「彼の行動は、道義的にゼニンしがたい。」
「部下の努力をショウニンし、モチベーションを高める。」
私たちは日常生活やビジネスシーンにおいて、他者の考えや行動を「認める」という行為を頻繁に行います。しかし、その「認める」という言葉の裏側に、どのようなニュアンスを込めているでしょうか。単に「OKを出す」ことなのか、それとも「価値を肯定する」ことなのか。この微細な意識の差が、人間関係の質や組織の文化を決定づけます。
「是認(ぜにん)」と「承認(しょうにん)」。これらは共に肯定的なニュアンスを持ちますが、その立脚点は「評価」と「受容」という全く異なる地平にあります。一方は、それが正しいか、妥当かという論理的な物差しで判断する「理性の行為」です。もう一方は、事実として認め、さらにはその存在や価値を肯定する「全人格的な行為」です。
現代のコミュニケーションにおいて、この使い分けは極めて重要です。理屈では「是認」できても、感情的に「承認」できないとき、人は深い葛藤を抱えます。逆に、理屈では間違っている(是認できない)ことでも、その背景にある感情を「承認」することができれば、対立は対話へと変わります。私たちが真に豊かな関係を築くためには、物事の正誤を裁く知性だけでなく、相手をまるごと受け止める包容力が必要です。

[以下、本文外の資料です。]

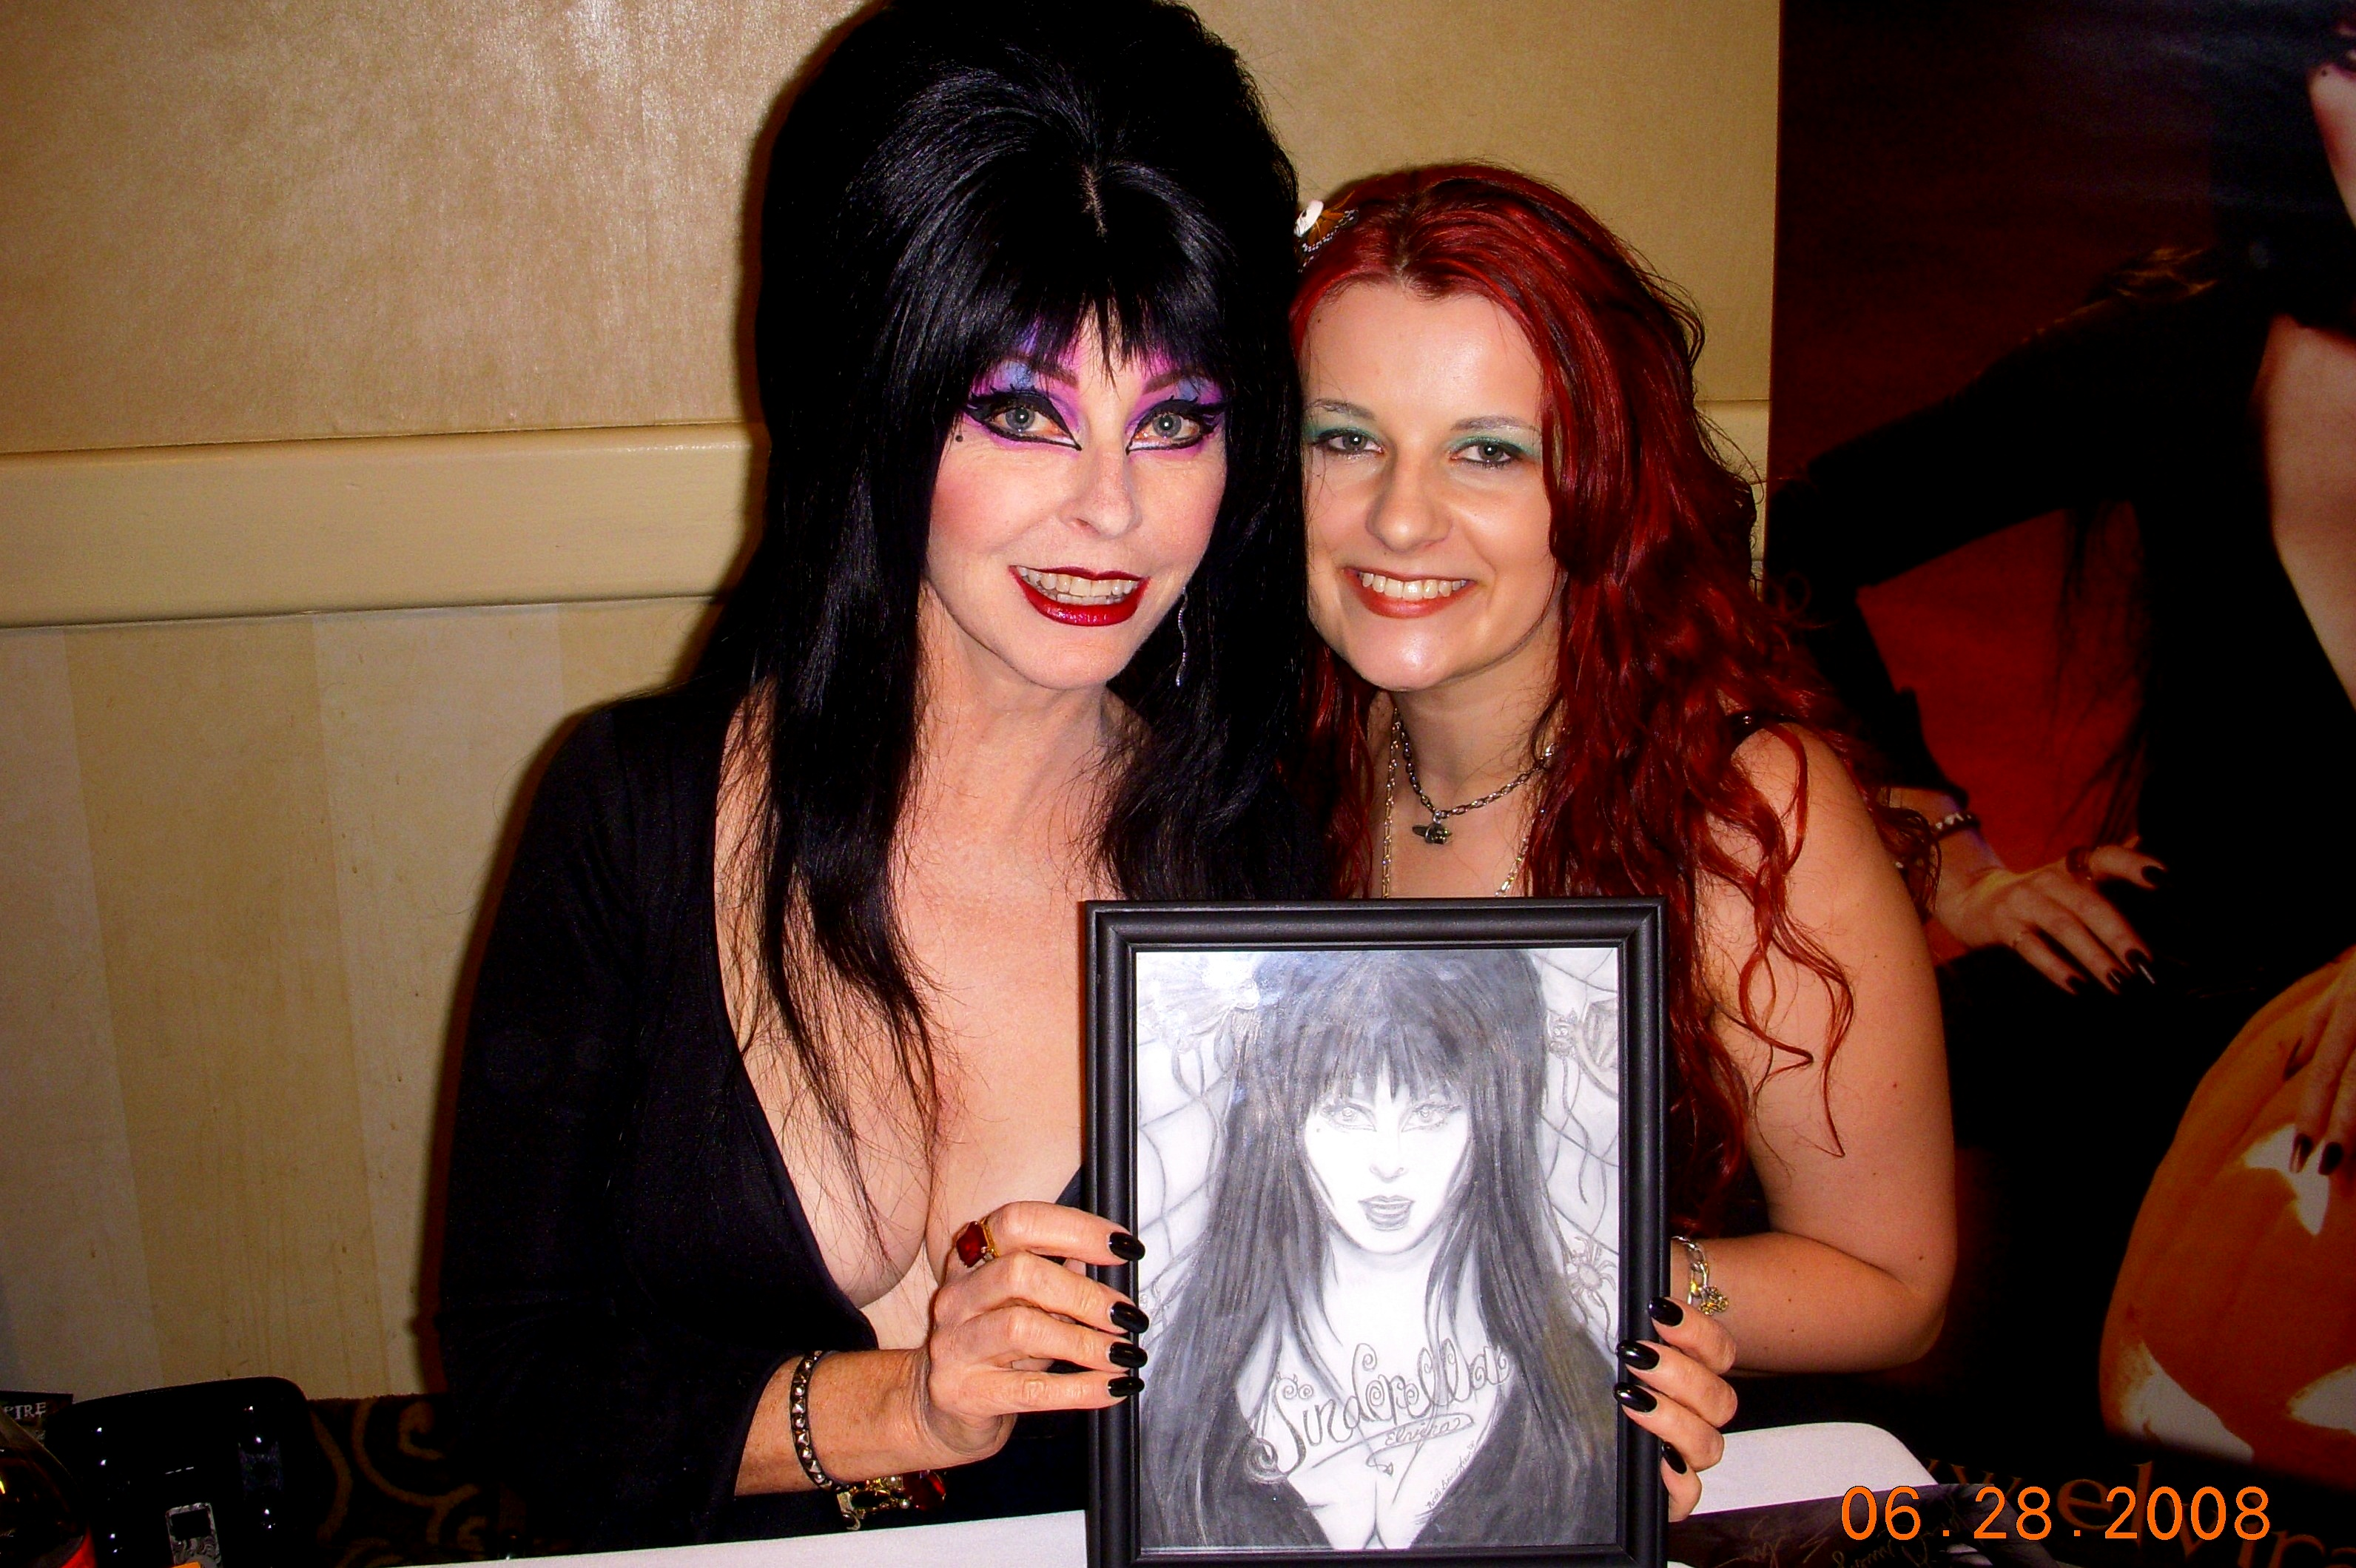 Gifting to Elvira

「是認」は、「是」(正しい、よしとする)を「認める」と書き、主に考え方や行動が道理にかなっていると判断し、それを認めることに焦点があります。これは、論理、道徳、法的妥当性、客観性を伴う概念です。一方、「承認」は、「承」(うけたまわる、引き受ける)を「認める」と書き、事実をその通りだと認めたり、地位や価値を肯定したりすることに焦点があります。これは、受容、共感、心理的安全性、存在肯定を伴う概念です。
この記事では、言語学的な語源の探究から、マズローの欲求階層説における「承認欲求」の正体、さらにはリーダーシップにおける「是認と承認の黄金比」までを徹底解説します。この記事を最後まで読めば、あなたは「正しさ」という狭い檻(おり)から抜け出し、他者との絆をより深く、より強固なものにするための「真の受容術」を習得できるでしょう。

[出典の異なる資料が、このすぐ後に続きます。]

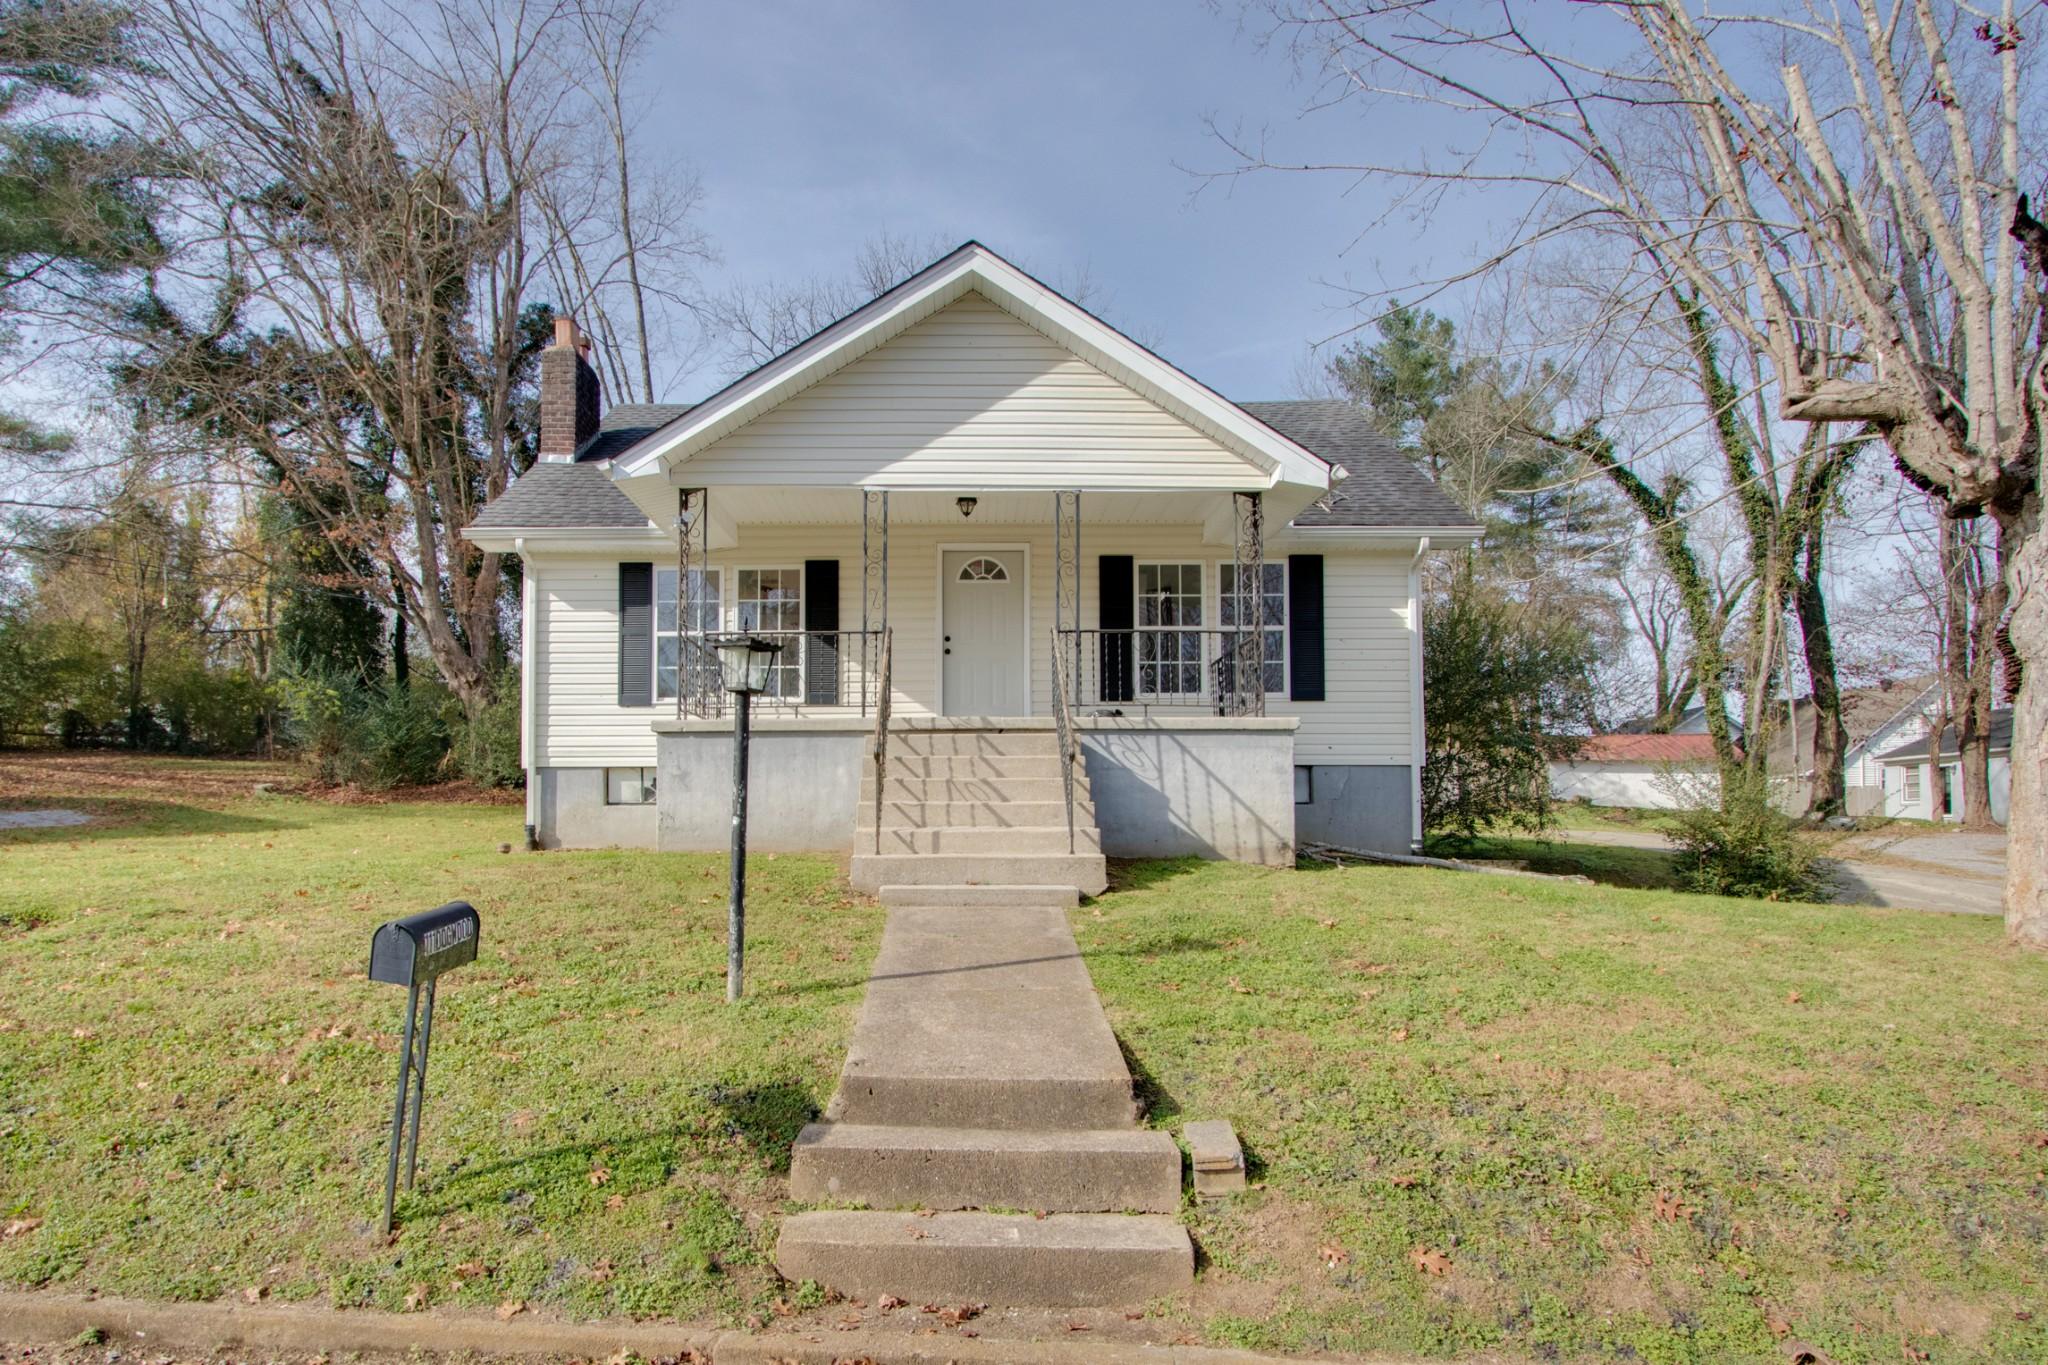 111 Dogwood St Property Photo - Carthage, TN real estate listing

結論:「是認」は論理による『正誤』の判断であり、「承認」は存在に対する『価値』の肯定である
結論から述べましょう。「是認」と「承認」の決定的な違いは、「何を基準に認めているか(評価軸の所在)」にあります。
- 是認(Approbation / Approval of Rightness):
- 性質: 特定の基準(法律、道徳、ルール)に照らして「それは正しい(是である)」と認めること。

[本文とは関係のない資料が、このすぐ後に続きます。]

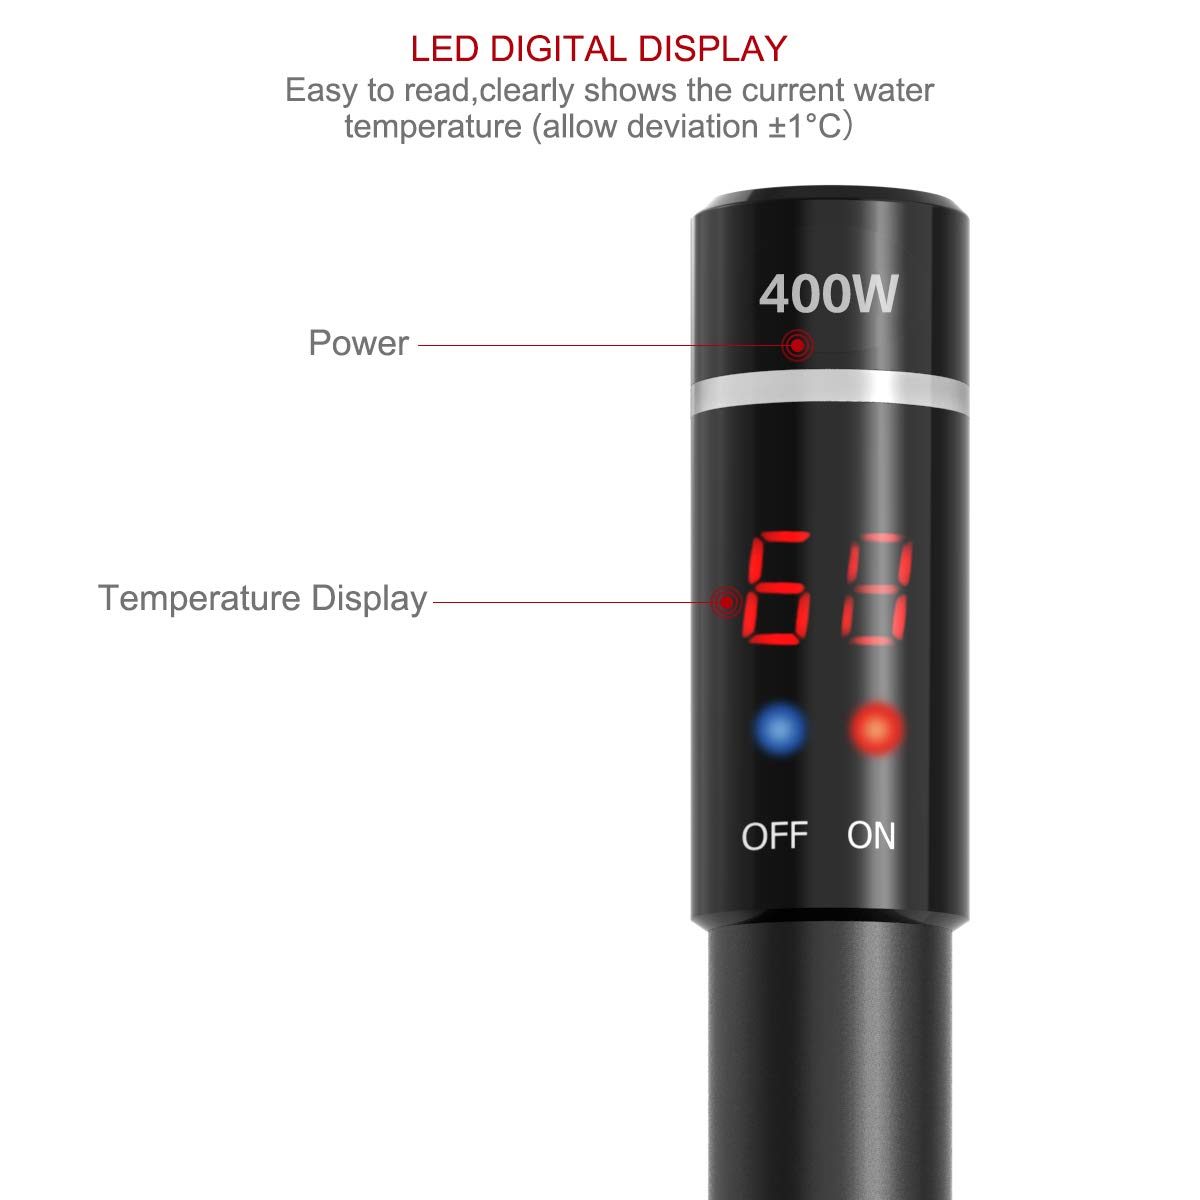 UEETEK Aquarium Heater 400W, Submersible Titanium Fish Tank Heaters Thermostat with Intelligent LED Temperature Display by UEETEK (Image #2)

- 焦点: 「正当性」。対象の行動や意見が、客観的な正解や妥当性に合致しているかを重視する。
- 状態: 論理的・分析的。裁判官が判決を下すように、冷静な判断を伴う。
(例)「彼の正当防衛の主張を是認する。」(法的な正しさの確認)
- 承認(Recognition / Acceptance):
- 性質: 事実をありのままに認め、その存在や価値、権利を「受け入れる」こと。
- 焦点: 「存在意義」。正解か不正解かに関わらず、相手の状態や努力、存在そのものを肯定する。
- 状態: 心理的・感情的。親が子供を抱きしめるように、包容力と受容を伴う。
(例)「部下の提案を承認する。」(実行の許可と存在の肯定)
つまり、「是認」は「A logical judgment that an action or thought is ‘correct’ based on a specific standard (Justice).(特定の基準に基づき、行動や思考が『正しい』とする論理的な判断)」であるのに対し、「承認」は「The act of accepting a fact or person as they are, granting value and space (Empathy).(事実や人物をありのままに受け入れ、価値と居場所を与える行為)」を意味するのです。
1. 「是認」を深く理解する:正義と道理を司る「理性の審判」

「是認」の核心は、**「客観的な妥当性」**にあります。是認という言葉が使われるとき、そこには必ず「良し悪しを判断する基準」が存在します。それは法律であったり、社会通念であったり、あるいは個人の美学であったりします。しかし、いずれにせよ「是(正しい)」と判断されるプロセスには、感情を排したクールな分析が求められます。
是認は、社会の秩序を保つために不可欠な機能です。何でもかんでも「いいよ」と認めるのではなく、道理に合わないものは是認しないという毅然とした態度が、組織や個人の品格を作ります。しかし、是認ばかりを優先すると、人間関係は「正しいか・間違っているか」だけの殺伐とした法廷のような場所になってしまいます。是認は「判断」であって「つながり」ではないという性質を理解しておく必要があります。
「是認」が使われる具体的な場面と例文
「是認」は、正当性、道義、論理、法的判断、公式な肯定など、理知的で厳格な場面に接続されます。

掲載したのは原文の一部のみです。